Heterogeneous Agent Collaborative RL

Updated 4 July 2026

Heterogeneous Agent Collaborative Reinforcement Learning is defined by leveraging non-identical agents’ unique observations, actions, and dynamics to achieve cooperative performance.
Core methodologies include sequential policy updates, grouped factorization, and fairness-aware reweighting that preserve agent-specific advantages while ensuring convergence.
Empirical benchmarks demonstrate that specialized communication, adaptive fairness, and structured coordination can mitigate negative transfer and instability in complex multi-agent settings.

Heterogeneous Agent Collaborative Reinforcement Learning (HACRL) denotes a class of collaborative reinforcement learning settings in which non-identical agents learn in ways that exploit complementarity rather than suppress it. In the formulation used by " $\alpha$ -fair heterogeneous agent reinforcement learning" (Xu et al., 11 Jun 2026), HACRL aims to learn decentralized policies for agents with heterogeneous observations, action spaces, and capabilities, while collaborating to achieve socially desirable outcomes. Across the broader literature, the same core idea appears in cooperative Markov games and Dec-POMDPs with distinct capabilities, action spaces, and dynamics (Yu et al., 2023), in actor-critic methods that avoid parameter sharing and instead coordinate sequential heterogeneous updates (Zhong et al., 2023), and in training-time collaboration schemes where agents share verified rollouts or models while retaining independent execution at inference (Zhang et al., 3 Mar 2026). The field therefore spans a common problem: how to preserve the statistical and functional advantages of heterogeneity without incurring instability, negative transfer, or coordination failure.

1. Formal settings and sources of heterogeneity

A large part of HACRL is formulated as either a cooperative Markov game or a heterogeneous Dec-POMDP. In the HARL formulation, a cooperative Markov game is defined by $\langle \mathcal{N}, \mathcal{S}, \boldsymbol{\mathcal{A}}, r, P, \gamma, d\rangle$ , with factored decentralized policies and a joint return $J(\boldsymbol{\pi})$ (Zhong et al., 2023). In GHQ, the environment is a cooperative Dec-POMDP under CTDE, with agent-specific observation spaces $\Omega_i$ and action spaces $A_i$ (Yu et al., 2023). HeMAC makes this heterogeneity explicit at the benchmark level by defining a Dec-POMDP with agent-specific observation and action spaces, mixed discrete and continuous interfaces, and asymmetric dynamics (Dansereau et al., 23 Sep 2025). These formulations share the same structural premise: collaboration is required, but symmetry assumptions are not.

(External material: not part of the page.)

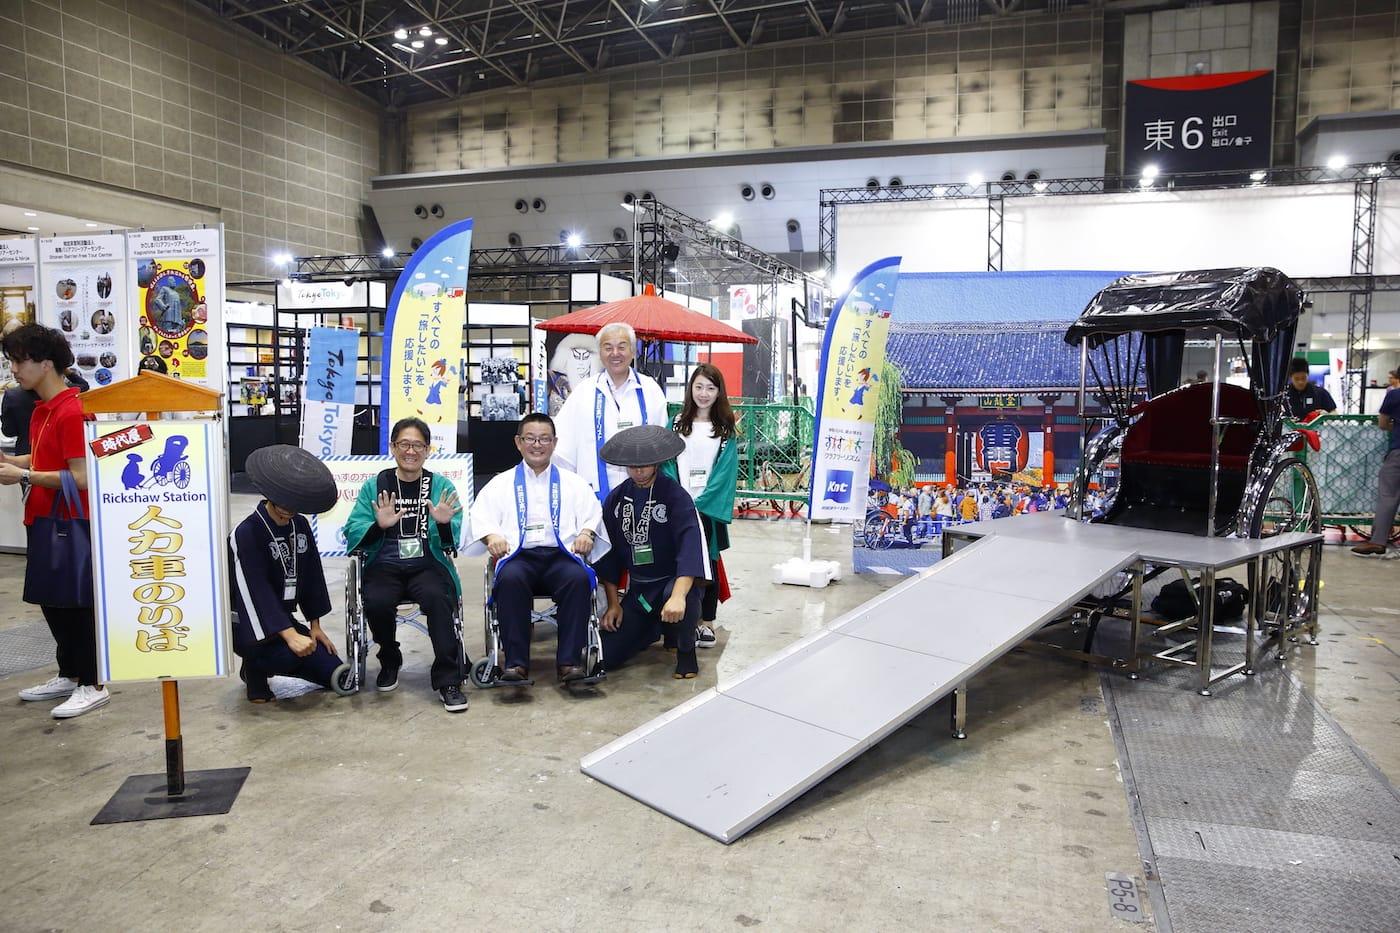 KNT-CTホールディングス株式会社による、車いすの人もOKな人力車の展示コーナー

The literature treats heterogeneity as a multidimensional property rather than a single deviation in action count. GHQ characterizes heterogeneity in SMAC through Local Transition Heterogeneity, decomposed into Local Functionality Heterogeneity and Local Dynamic Heterogeneity (Yu et al., 2023). PHLRL models heterogeneous systems with a type set $\Delta=\{d_1,\dots,d_M\}$ , where types differ in abilities and action spaces, and where type imbalance is itself a learning problem (Fu et al., 2024). GRILL extends ad hoc teamwork to heterogeneous goals by assigning each agent a goal subset $\mathcal{G}^i \subset \mathcal{G}$ , so that overlap between agents’ goals may be full, partial, or absent (Taylor-Davies et al., 7 Mar 2026). In LLM-oriented HACRL, heterogeneity is further partitioned into heterogeneous state, heterogeneous size, and heterogeneous model, including tokenizer mismatch and architectural mismatch (Zhang et al., 3 Mar 2026).

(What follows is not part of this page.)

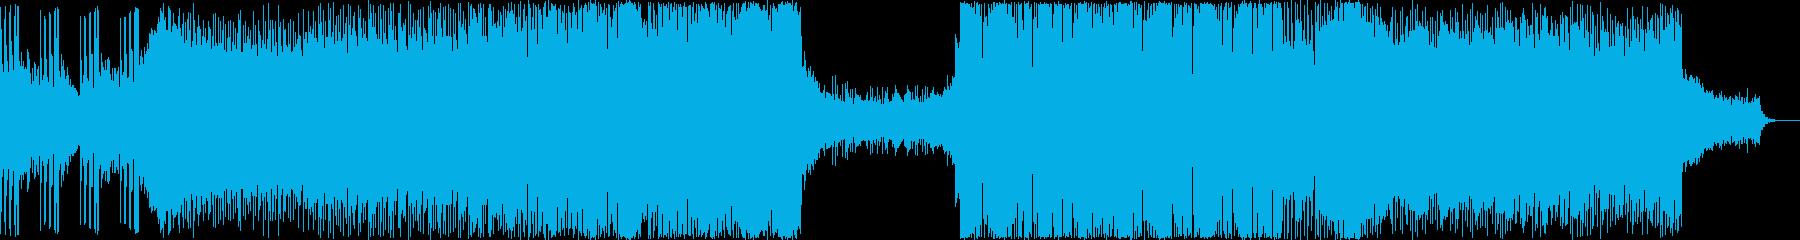 スピード感のあるエレクトロの再生済みの波形

This broader view matters because several recurring simplifications are rejected by the literature. HARL argues that full parameter sharing confines learning to homogeneous-agent settings and can be exponentially suboptimal (Zhong et al., 2023). HeMAC likewise cautions against zero-padding or discretization-to-match tricks, arguing that such homogenization increases dimensionality and harms learning efficiency and expressivity (Dansereau et al., 23 Sep 2025). A plausible implication is that HACRL is best understood not as “MARL plus role IDs,” but as a family of formulations in which heterogeneity changes both the optimization geometry and the admissible communication structure.

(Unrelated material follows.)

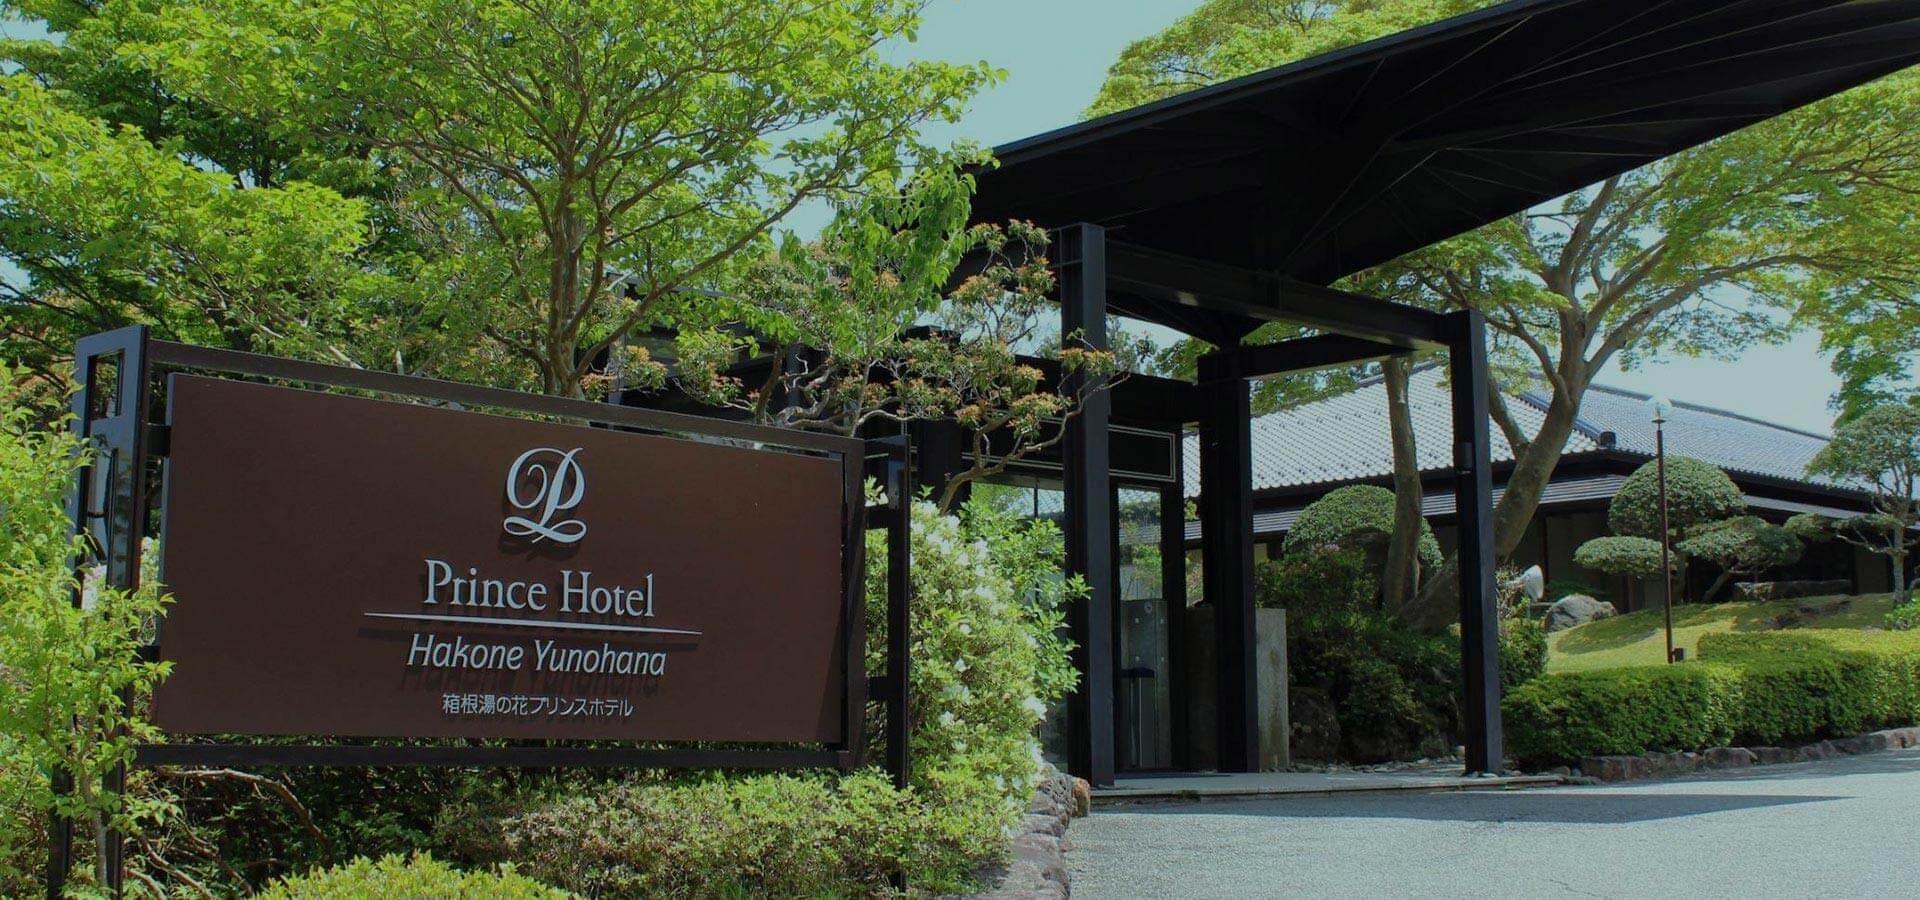 箱根湯之花王子大飯店

2. Core algorithmic foundations

The most developed theoretical line in HACRL is the HARL/HATRL/HAML family. HARL introduces the multi-agent advantage decomposition lemma and a sequential update scheme in which agents are updated one-by-one rather than simultaneously (Zhong et al., 2023). The key decomposition writes the joint advantage of an ordered subset of agents as a sum of conditioned per-agent advantages, which makes trust-region optimization tractable in heterogeneous settings. From this construction, HATRL generalizes trust-region learning to cooperative multi-agent systems with heterogeneous agents, while HATRPO and HAPPO provide practical constrained and clipped approximations. HAML then abstracts these algorithms into a mirror-learning template and proves monotonic improvement of joint return and convergence to Nash equilibrium for all algorithms derived within that template (Zhong et al., 2023).

The latest extension of this line is fairness-aware HACRL. " $\alpha$ -fair heterogeneous agent reinforcement learning" replaces the utilitarian objective with an $\alpha$ -fair welfare objective, using

$U_\alpha(r)=\frac{r^{1-\alpha}}{1-\alpha}\quad (\alpha\neq 1), \qquad U_1(r)=\log r,$

and the state-based welfare

$\langle \mathcal{N}, \mathcal{S}, \boldsymbol{\mathcal{A}}, r, P, \gamma, d\rangle$ 0

Its fair advantage function is

$\langle \mathcal{N}, \mathcal{S}, \boldsymbol{\mathcal{A}}, r, P, \gamma, d\rangle$ 1

which reweights gradients toward lower-return agents without modifying the environment reward (Xu et al., 11 Jun 2026). This is important because the paper explicitly contrasts its approach with inequity-aversion reward shaping, arguing that reward shaping may break the Markov property, whereas fair advantage reweighting preserves stationarity and the theoretical guarantees of trust-region optimization (Xu et al., 11 Jun 2026). The resulting $\langle \mathcal{N}, \mathcal{S}, \boldsymbol{\mathcal{A}}, r, P, \gamma, d\rangle$ 2-fair HATRPO and $\langle \mathcal{N}, \mathcal{S}, \boldsymbol{\mathcal{A}}, r, P, \gamma, d\rangle$ 3-fair HAPPO preserve monotonic improvement and convergence to Nash equilibria under the stated assumptions.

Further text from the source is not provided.